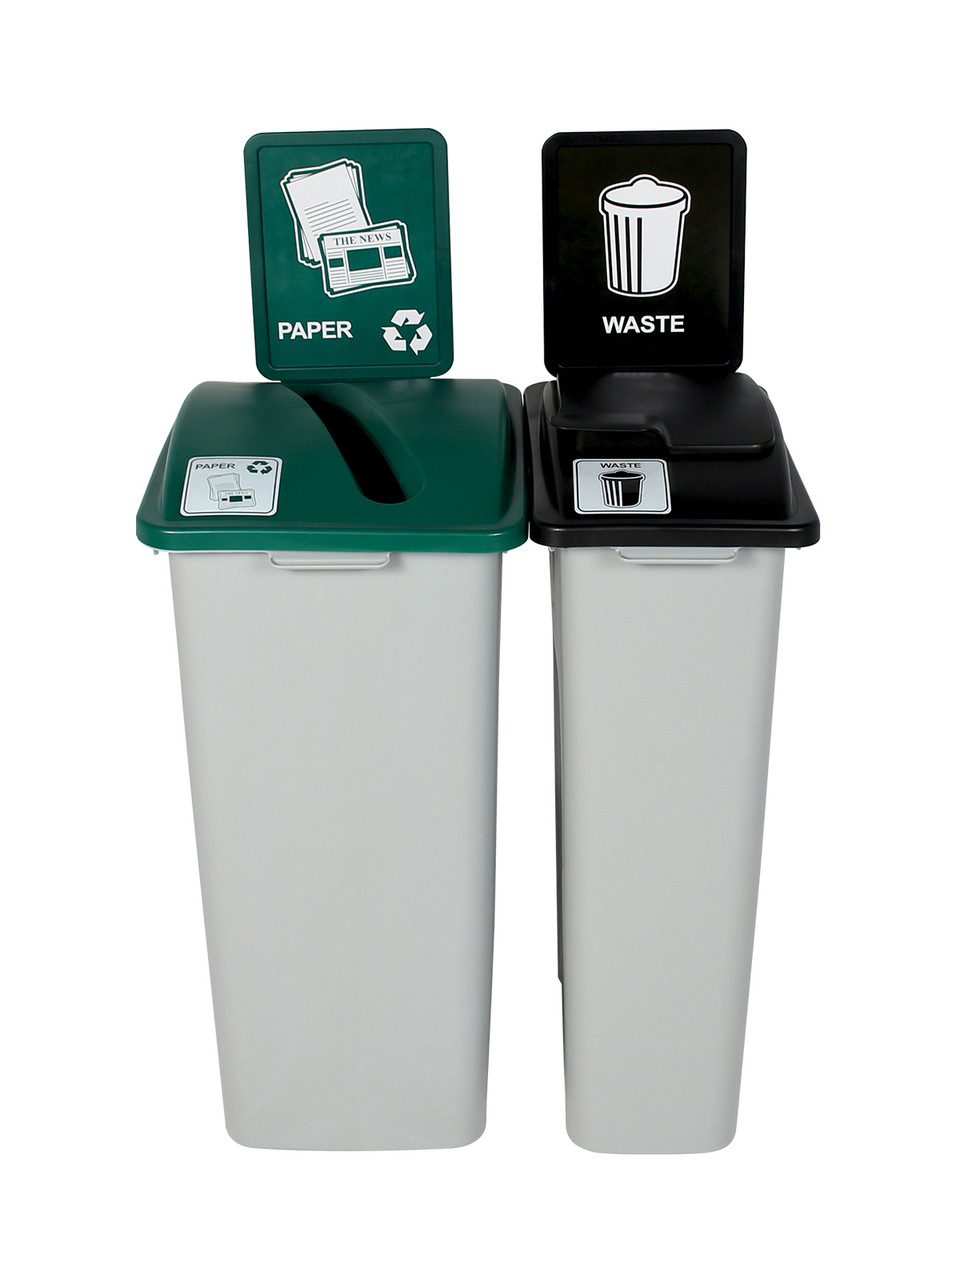 55 Gallon Simple Sort Trash Can Recycle Bin Combo 8111041-35 (Slot, Waste Lift Lid Openings)
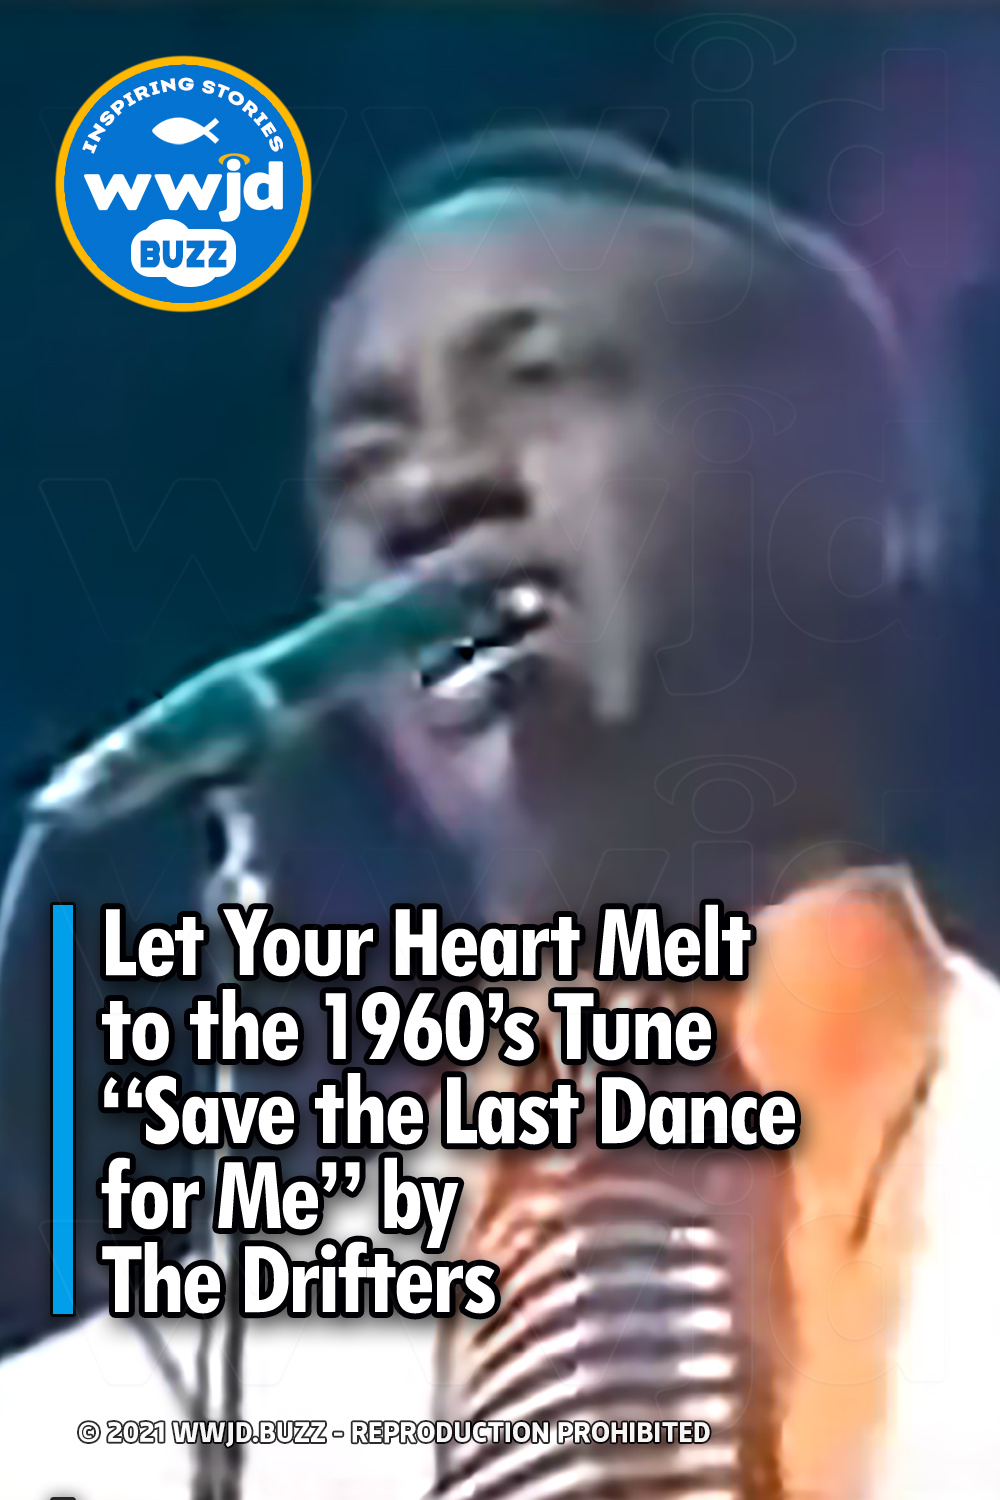 Let Your Heart Melt to the 1960’s Tune “Save the Last Dance for Me” by The Drifters
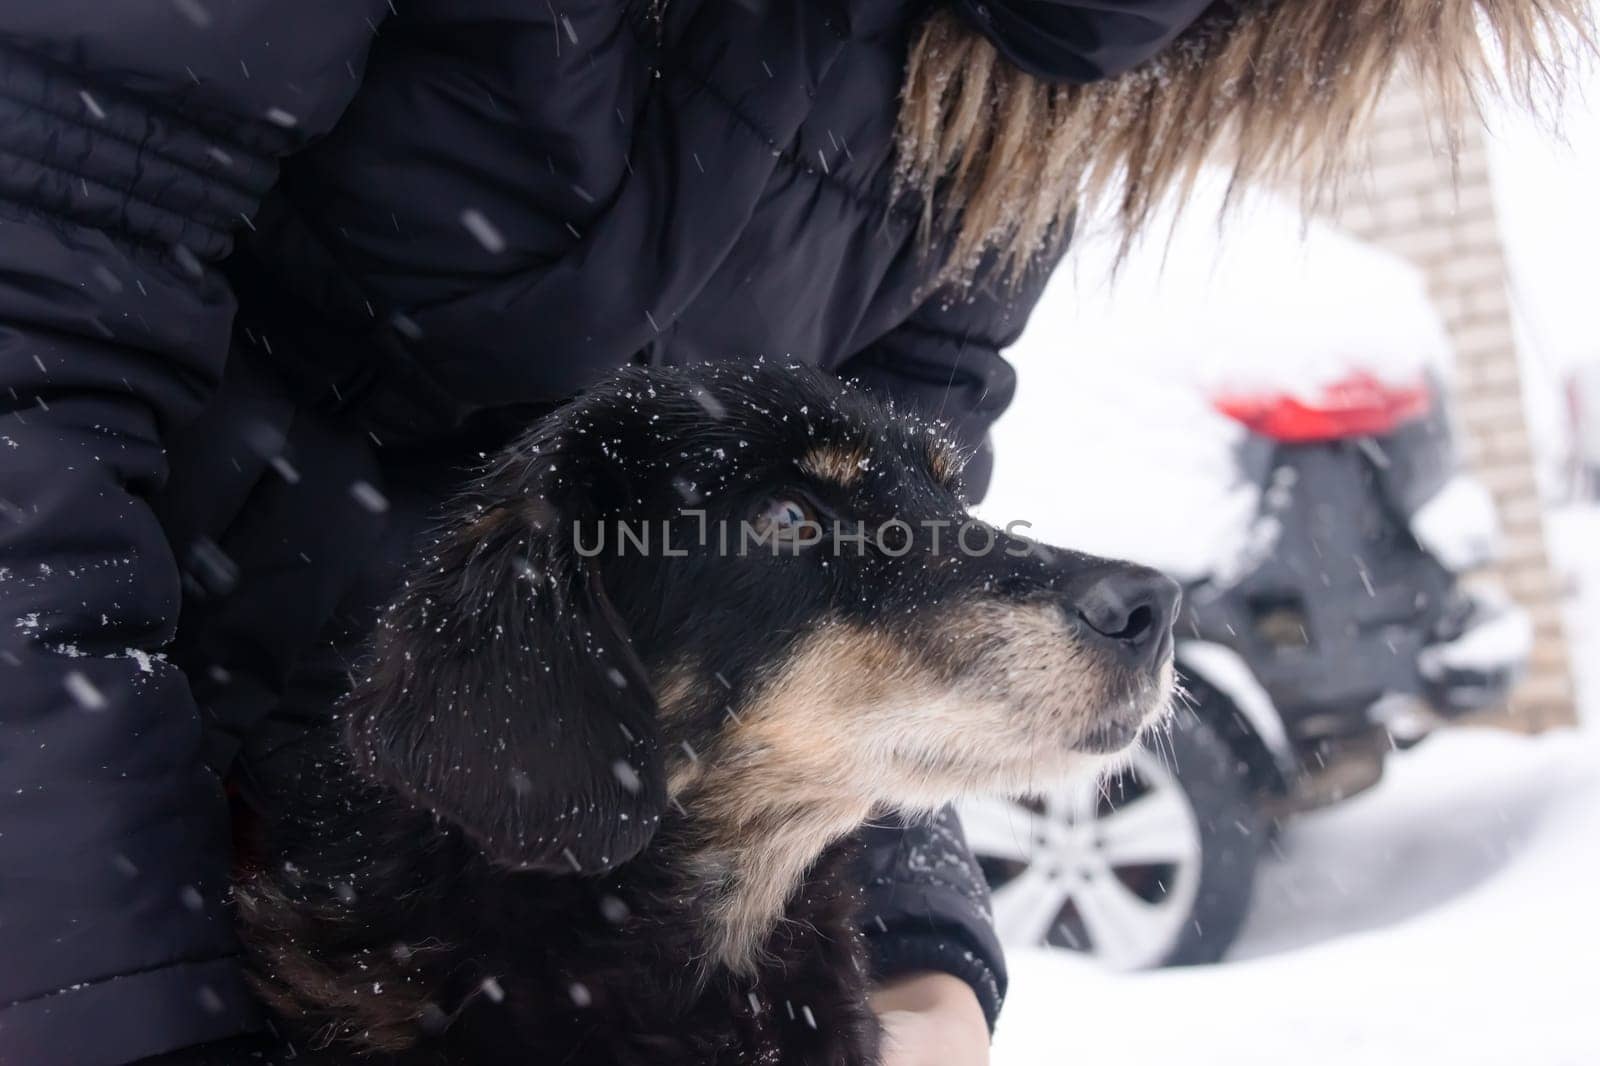 A man strokes a dog among the snow close up
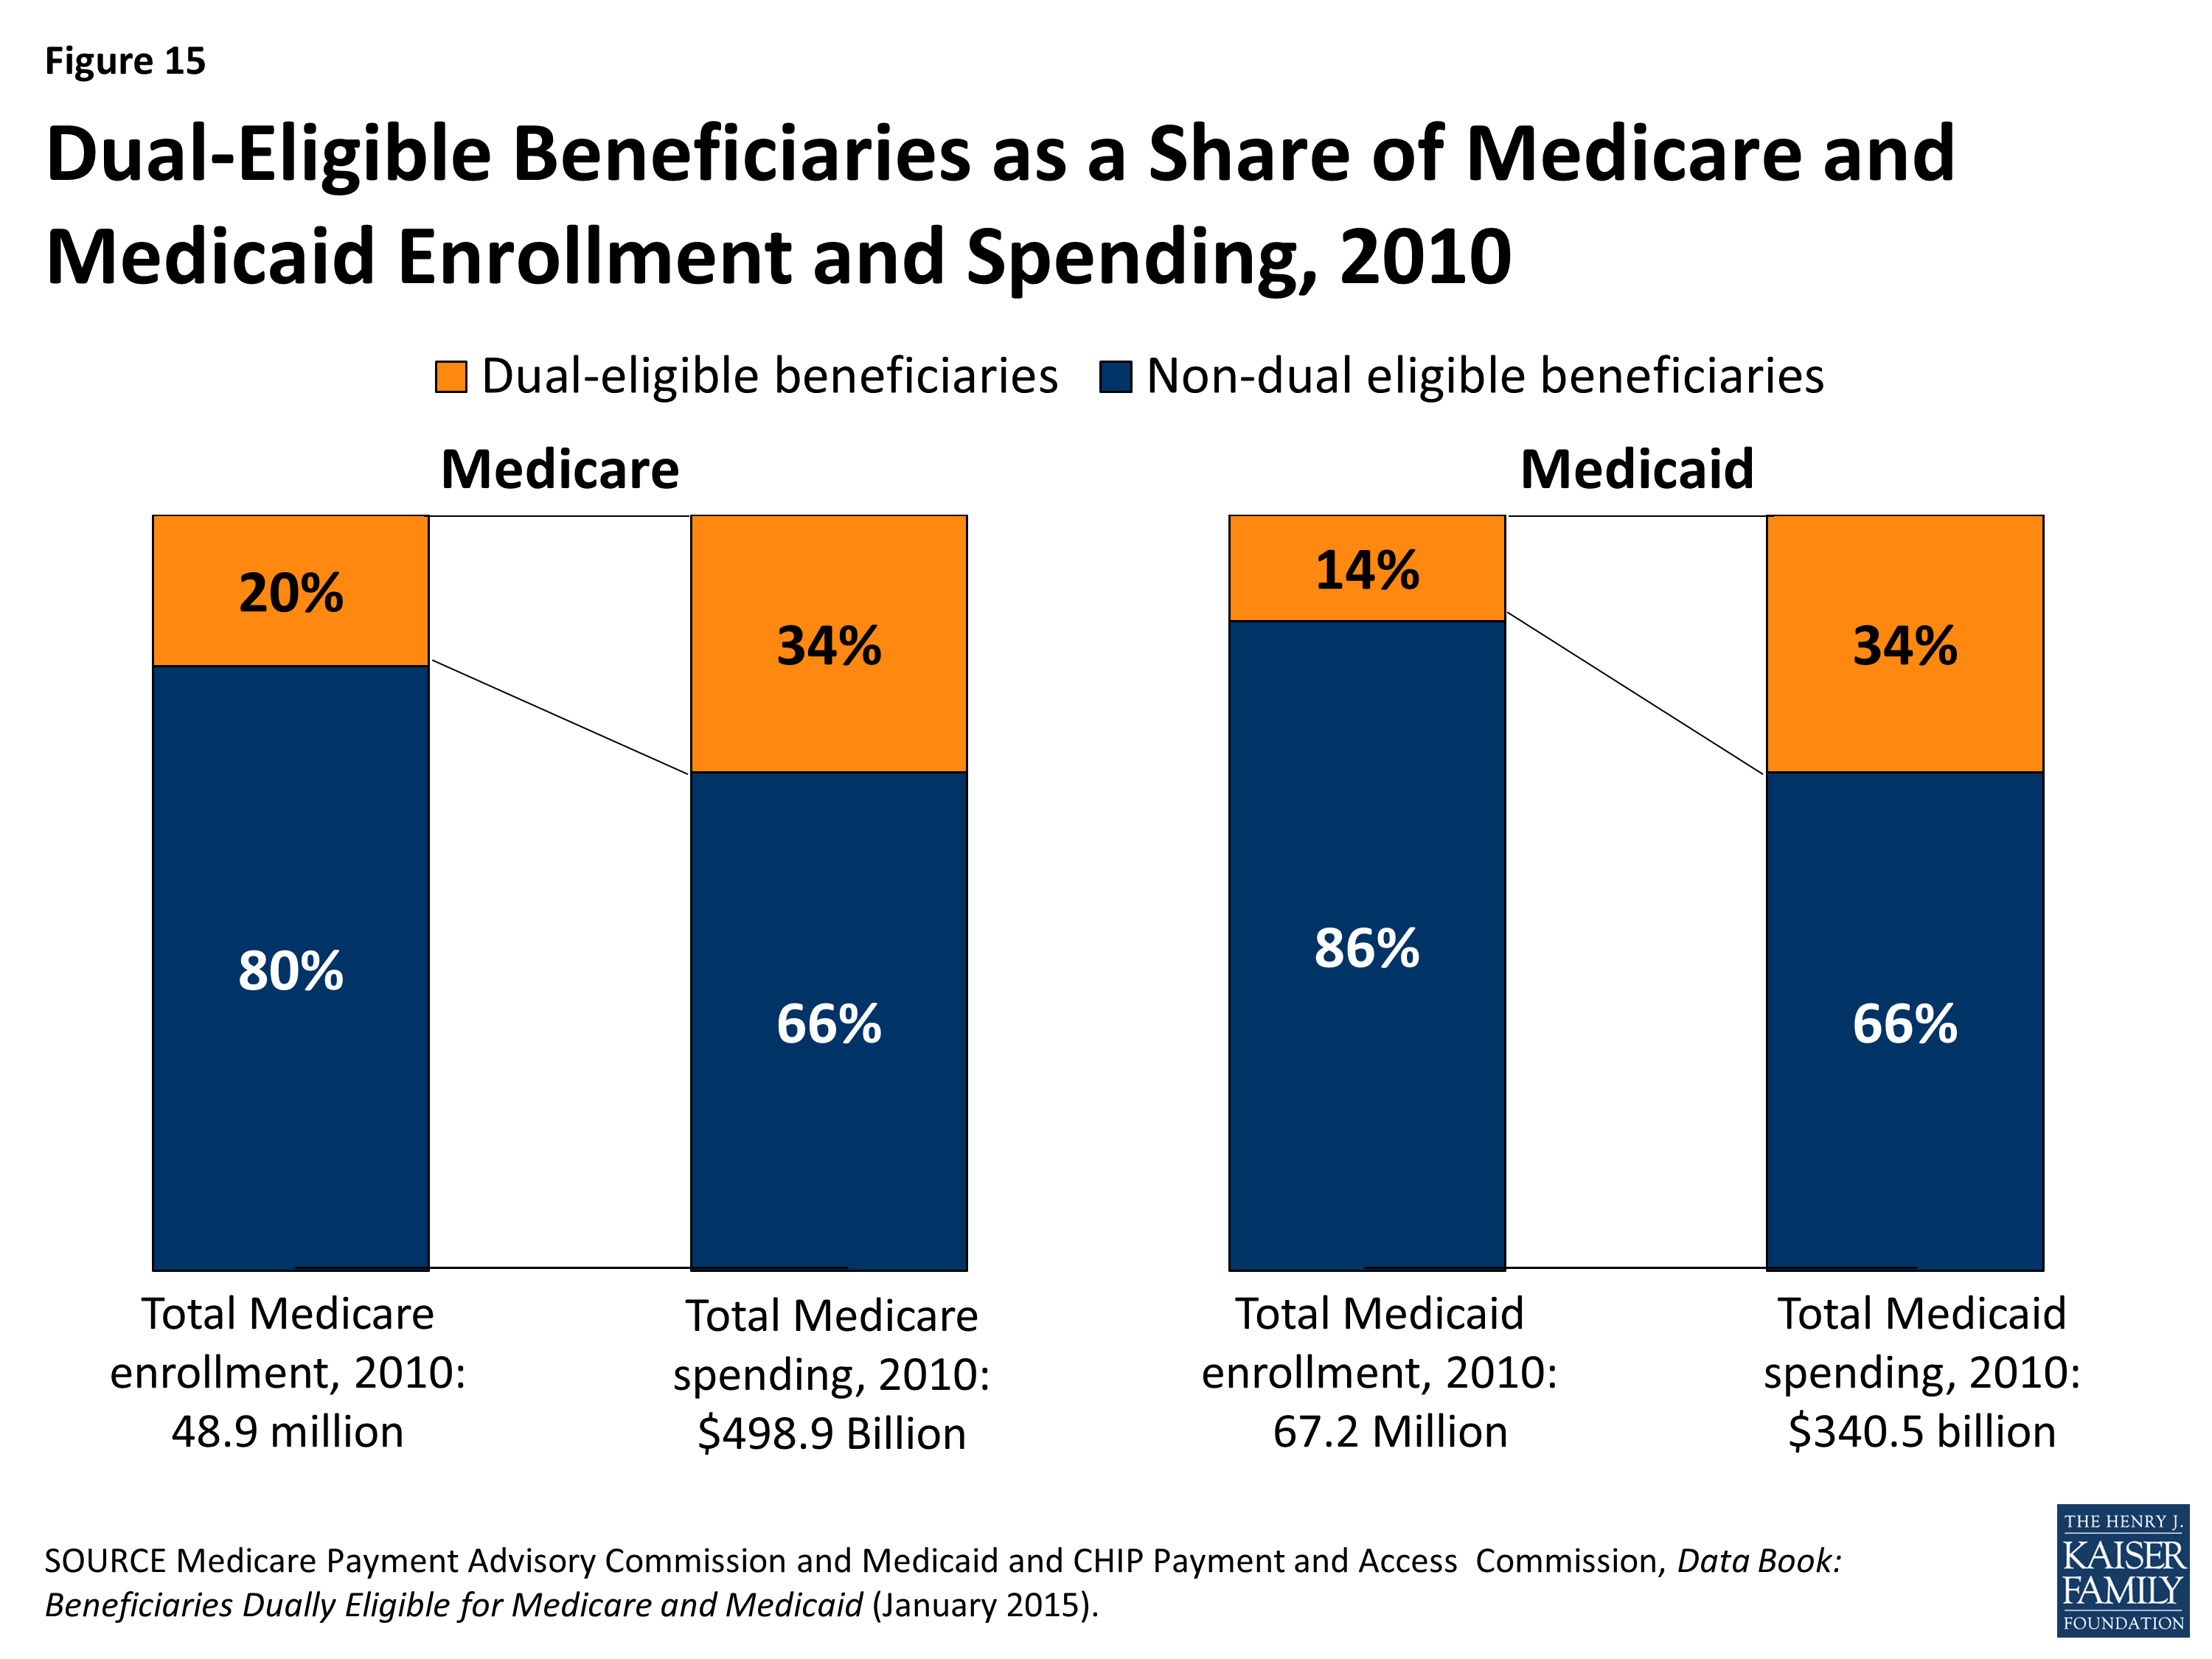 a-primer-on-medicare-what-is-the-role-of-medicare-for-dual-eligible
********************
Task to carry out | Each line of the material goes into your copy unchanged, but no picture does.

Output of the task |
 55 Gallon Simple Sort Trash Can Recycle Bin Combo 8111041-35 (Slot, Waste Lift Lid Openings)
 Let Your Heart Melt to the 1960’s Tune “Save the Last Dance for Me” by The Drifters
 A man strokes a dog among the snow close up
 a-primer-on-medicare-what-is-the-role-of-medicare-for-dual-eligible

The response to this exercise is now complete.